En todo caso, esa clase de política es la única salida practicable, y es preciso tomar conciencia de que el camino hacia la salida recién ha comenzado. Sería insensato suponer que el peligro se ha alejado, siquiera apreciablemente. El Uruguay –a la hora de criticar me vuelvo a mi solar nativo– sigue siendo un país básicamente socialista no nos hagamos ilusiones. Es socialista, básicamente, su educación; su seguridad social lo es totalmente; su sistema de atención médica, al menos en grado predominante. El área de las empresas estatales, sin contar con que se estructuran y pretenden orientarse sobre principios radicalmente distintos de los de la empresa capitalista, es enorme. La industria automotriz y la de la carne son dos paradigmas de dirigismo socializante, que se reflejan en numerosos espejos a lo largo y a lo ancho de la economía. ¿Y quién duda de que sería posible seguir dando más y más ejemplos?
Es estimulante haber registrado una tasa de crecimiento del 8 y algo por ciento en 1979, pero sabemos que esa golondrina no hará verano.

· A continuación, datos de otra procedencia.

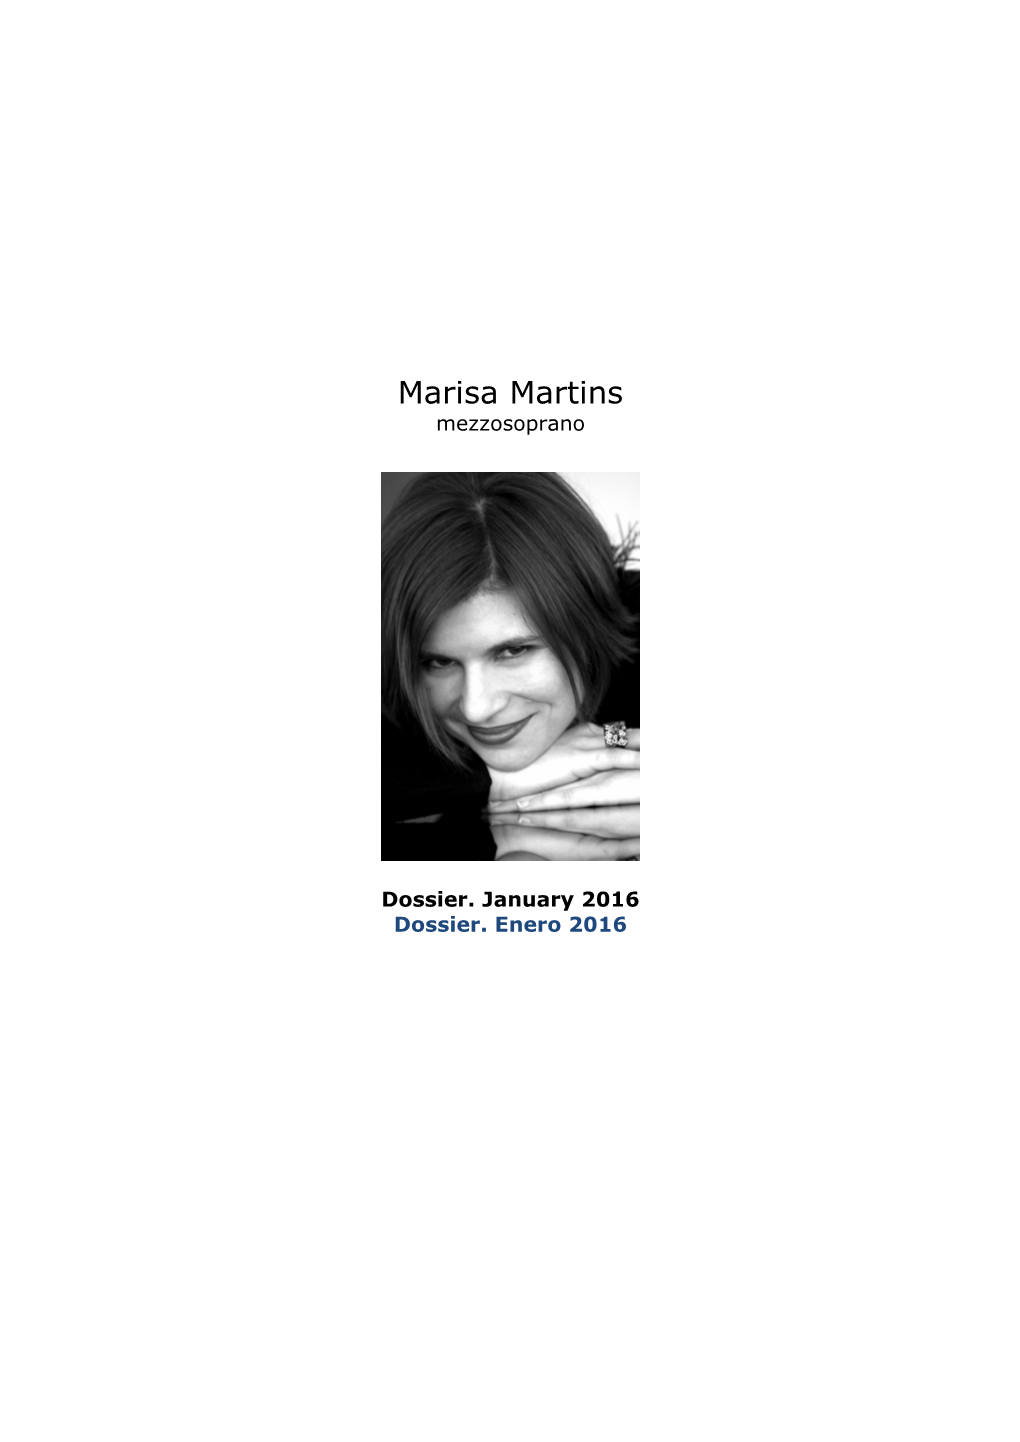 Marisa Martins Mezzosoprano
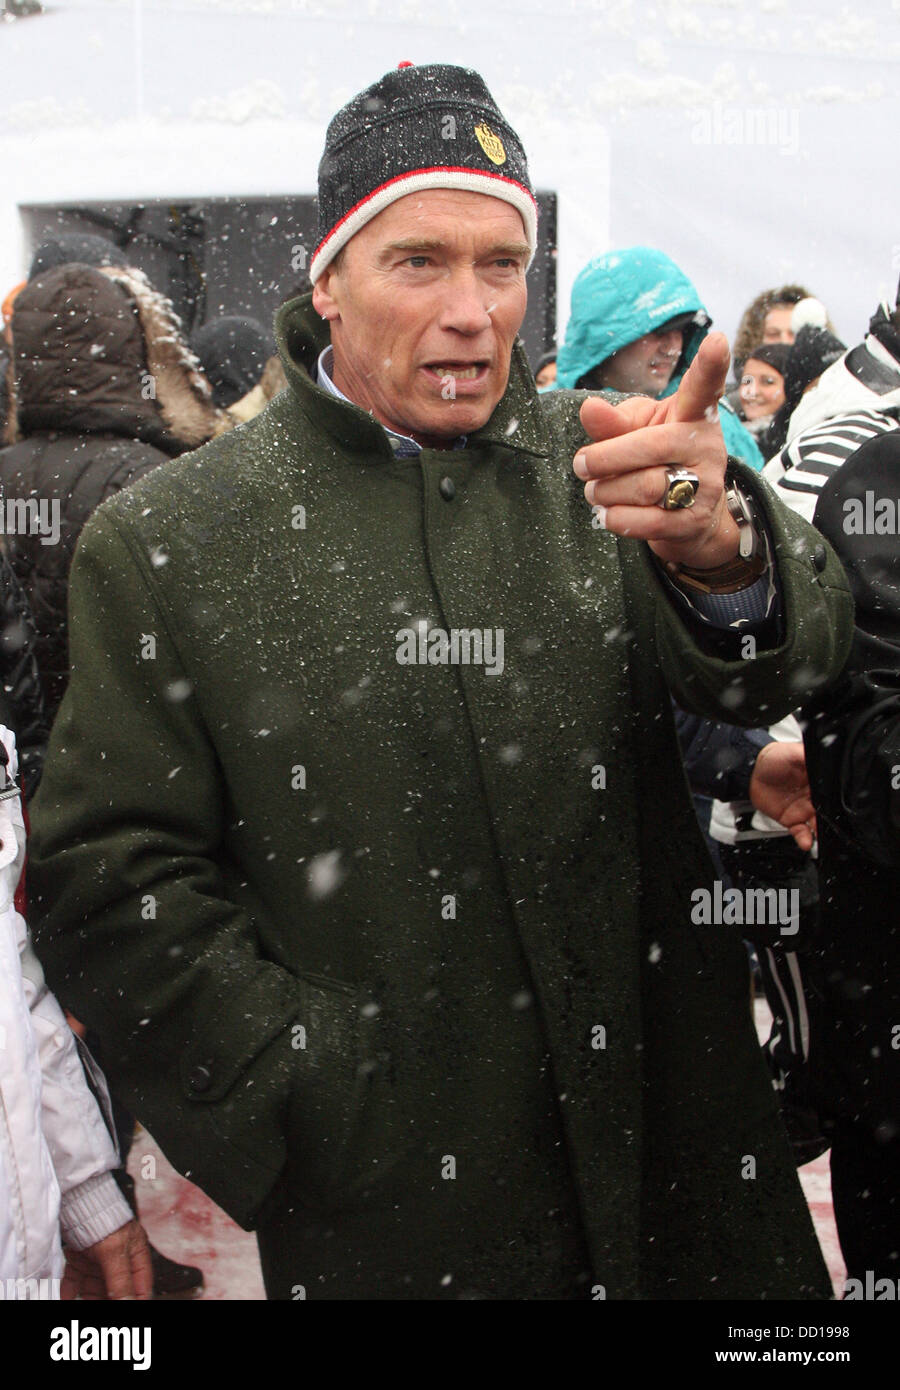 Arnold Schwarzenegger a Hahnenkamm gara di sci nelle Alpi Tirolesi durante la sua visita a Kitzbuhel Kitzbuhel, Austria - 21.01.12 Foto Stock

El Uruguay, en el fondo, no ha cambiado sustancialmente desde que fue reconocido como uno de los fracasos económicos más estrepitosos, y sus perspectivas para los próximos años permanecen inciertas. No se trata de afirmar que ya estaríamos mejor si se hubiesen tomado las medidas que prescribe una política de competencia.
Tal vez estaríamos, hoy mismo, en una situación más azarosa –ya que no hay cambios sin costos– pero habríamos ganado el derecho a una esperanza que por ahora debemos reputar harto problemática.
¿Creemos en la competencia? De ser así, está todo por hacer, o casi todo. ¿Qué sensación puede haber más estimulante, que sentirse parte de un país en que todo está por construir, o reconstruir, según se prefiera? Esa sensación puede ser nuestra. Ese país que se entrevé de nuevo pujante y lozano, puede ser el Uruguay. Pero ese resultado no nos lloverá del cielo. Nadie tiene derecho a pensar que lo ya hecho, y lo insinuado para el futuro, es suficiente. Una política de competencia radical, que barra con toda la estructura socialista y socializante que nos mantiene básicamente postrados, es la única que puede lograrlo. Ni hay otro camino, no sobra el tiempo para emprender el que tenemos.